Ten years ago you would get a young chef that would come from college and stay with you for years, sometimes through to head chef. These days you look at a CV of a young commis chef and they have spent two months here, six months there, three months somewhere else. I think we need to make a change to that.
Why are young commis chefs so keen to move on quickly?
I think there are so many opportunties out there for young chefs and with the internet and Twitter and Facebook they are exposed to all of them and tempted by them. They think the grass is always going to be greener and obviously everyone promises the world. Really all they do is move to another kitchen and start same process over again, before looking for the next opportunity.
What does the industry need to do improve staff retention?
There has always got to be time for development in any kitchen, if you can give chefs that time to learn and develop they will have an incentive to stay. I know that hours are probably on the top of every chefs agenda and it is an issue for young chefs in some cases. If you can give them something back for all the hours they put in and they have something to show for it I think it is a good trade.
What is Exclusive Hotels doing to tackle this issue?
We decided to take a step back and have a look at the problem and try to decide what we could do about losing chefs to other kitchens.
We are surrounded by so many Michelin-starred chefs and many talented chefs within the Exclusive Hotels group and we thought it is a no brainer really, we just need to expose them to all of the chefs within the group. That was how the Chef’s Academy was born.
We have developed a two-year programme whereby we train them at a higher level from what they have been learning at college and take them from commis chef to chef de partie. It is a kind of fast-track, grow-your-own chef de partie programme.
Talk us through the programme
We have 13 trainees on the programme. Training is two days a week and they spend three days a week in their respective kitchens across the group’s hotels.
The training is split into different segments such as meat, fish, shellfish, bread and chocolate. We take them right back to the source of quality ingredients so they have a clear understanding of where the food has come from.
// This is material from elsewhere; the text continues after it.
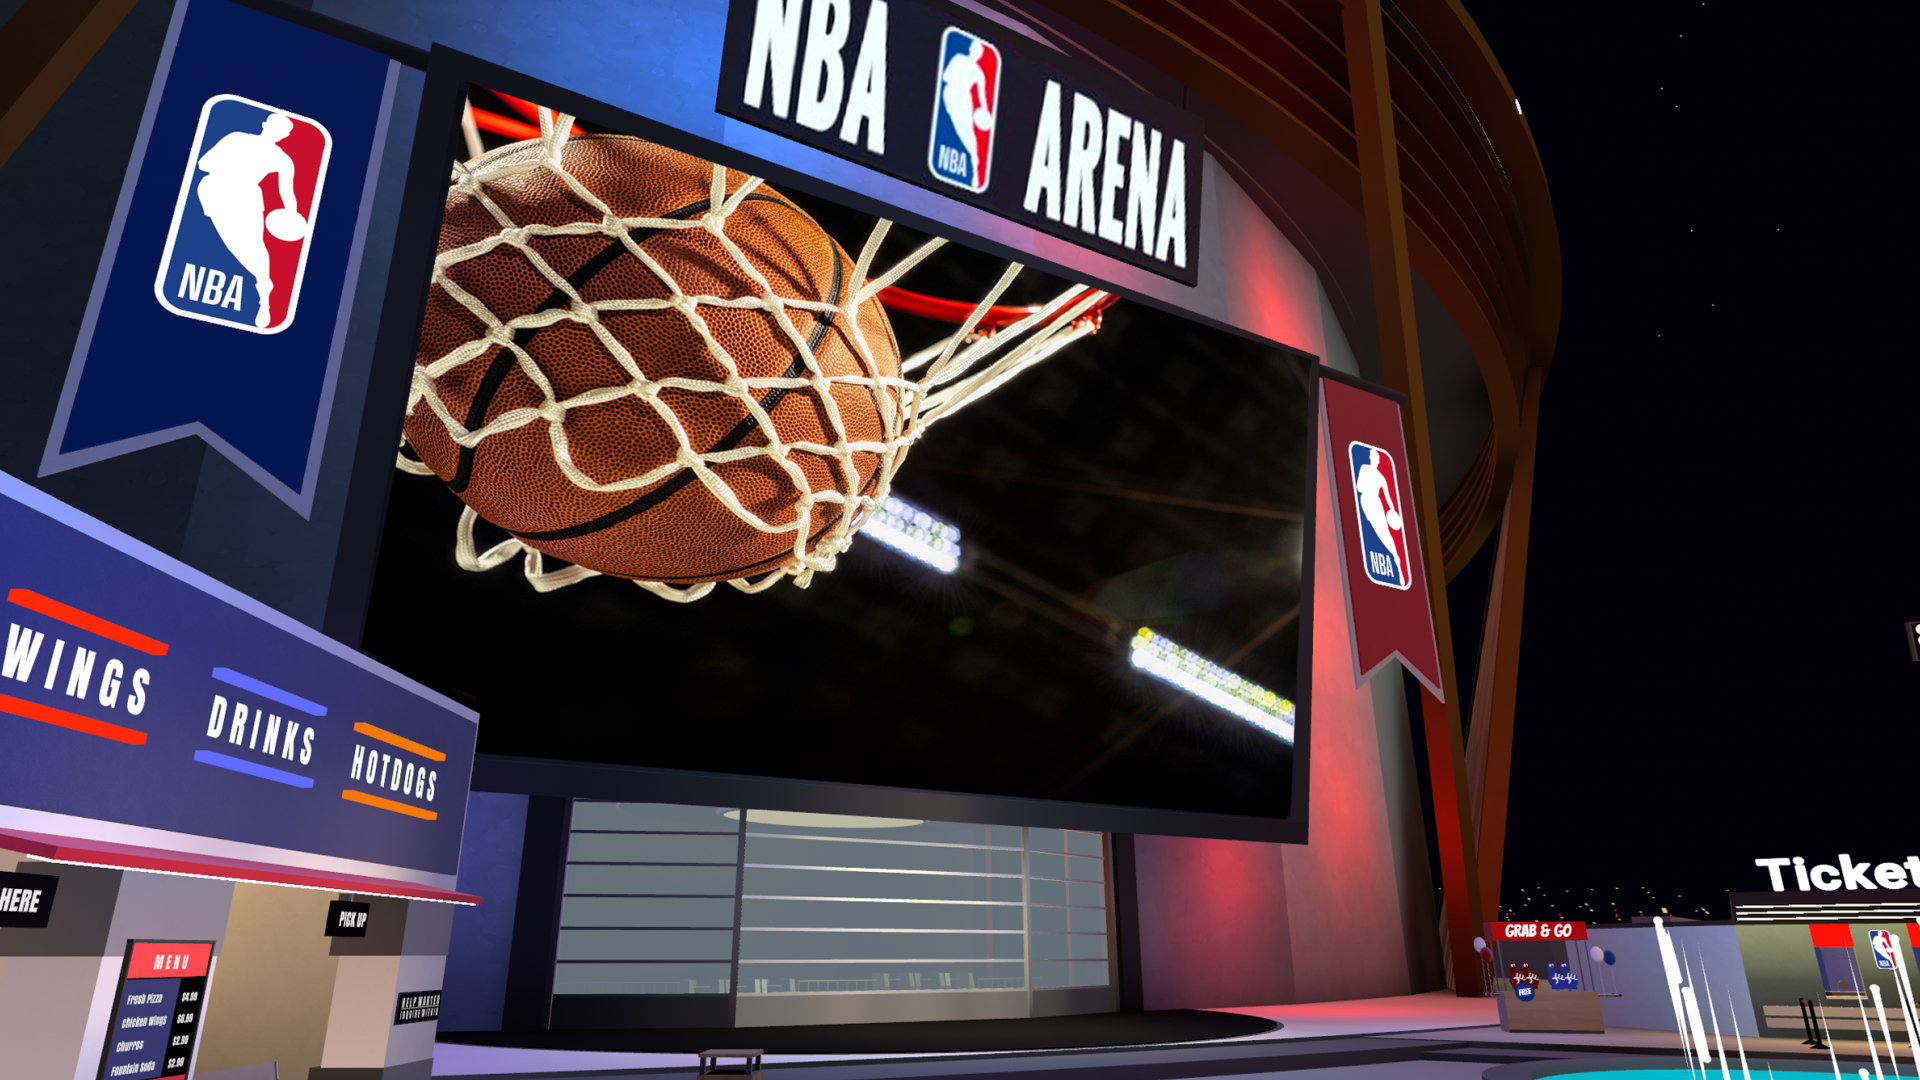 A большой экран, показывающий баскетбольный матч на виртуальном стадионе НБА с прилавком с едой и билетной кассой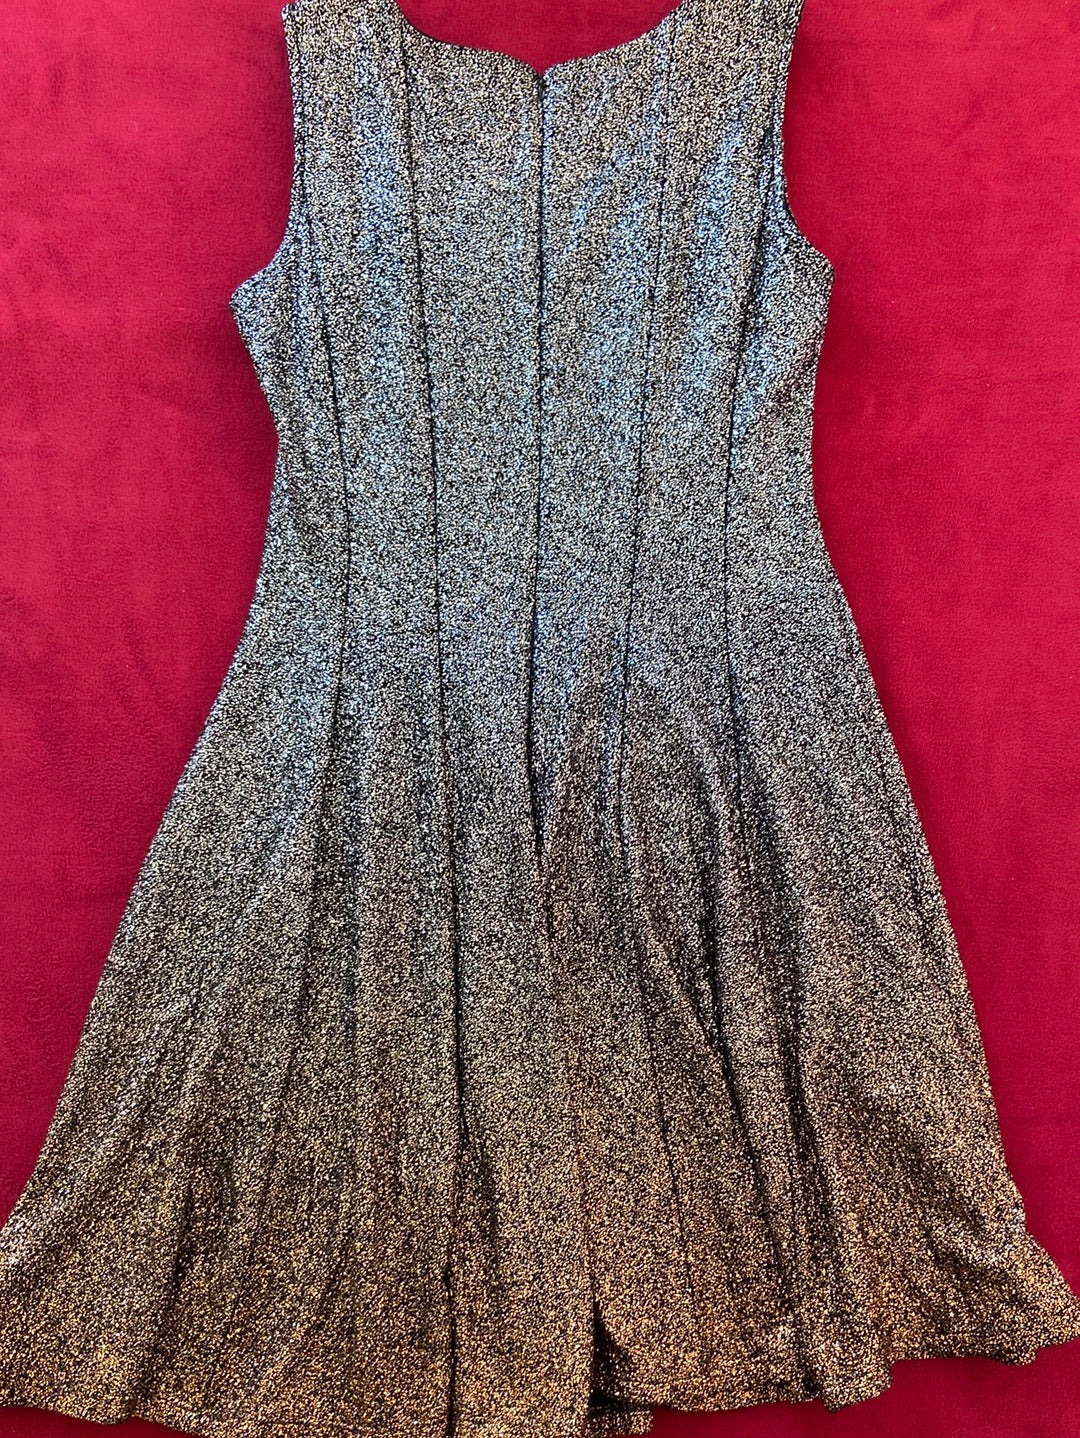 OMBRÉ SHIMMER MSK Silver Dress Size 12

We then deliver masterclasses with some of the Michelin-starred and other talented chefs within the group. After the masterclass the Academy chefs get to practise what they have seen in the training kitchens and in their own kitchens.
At the end of each segment we give them a written test as a bit of an assessment just to make sure that they have understood what we have taught them. We then sign them off and move on to the next segment.
Why do you think offering this sort of training will convince them to stay?
The Academy chefs have both a full-time job and the chance to learn, which is not available in every job. We are making a huge investment in them and we are exposing them to ingredients and learning they wouldn’t have in any normal kitchen. Rather than going off to another kitchen in six months time they don’t need to, because other kitchens and other chefs will be coming to them.
How successful has the programme been so far?
This is all new for us and we would like to think it will work but who knows. We will give it a shot and see where it takes us, at the moment the chefs are very excited about it and their development is coming along already. Hopefully we will come to the end and say we got it right. If all 13 chefs stay for two years we can definitely tick that box.
What is next for the Exclusive Chef’s Academy?
After this first year we will take on the next intake and do the programme all over again. The first year graduates will then move to year two, which is still in development stage, but will have more of a team ethos about it so we are going to be entering competitions and taking part in lots of different events so they can promote the Academy and show off their new skills and knowledge.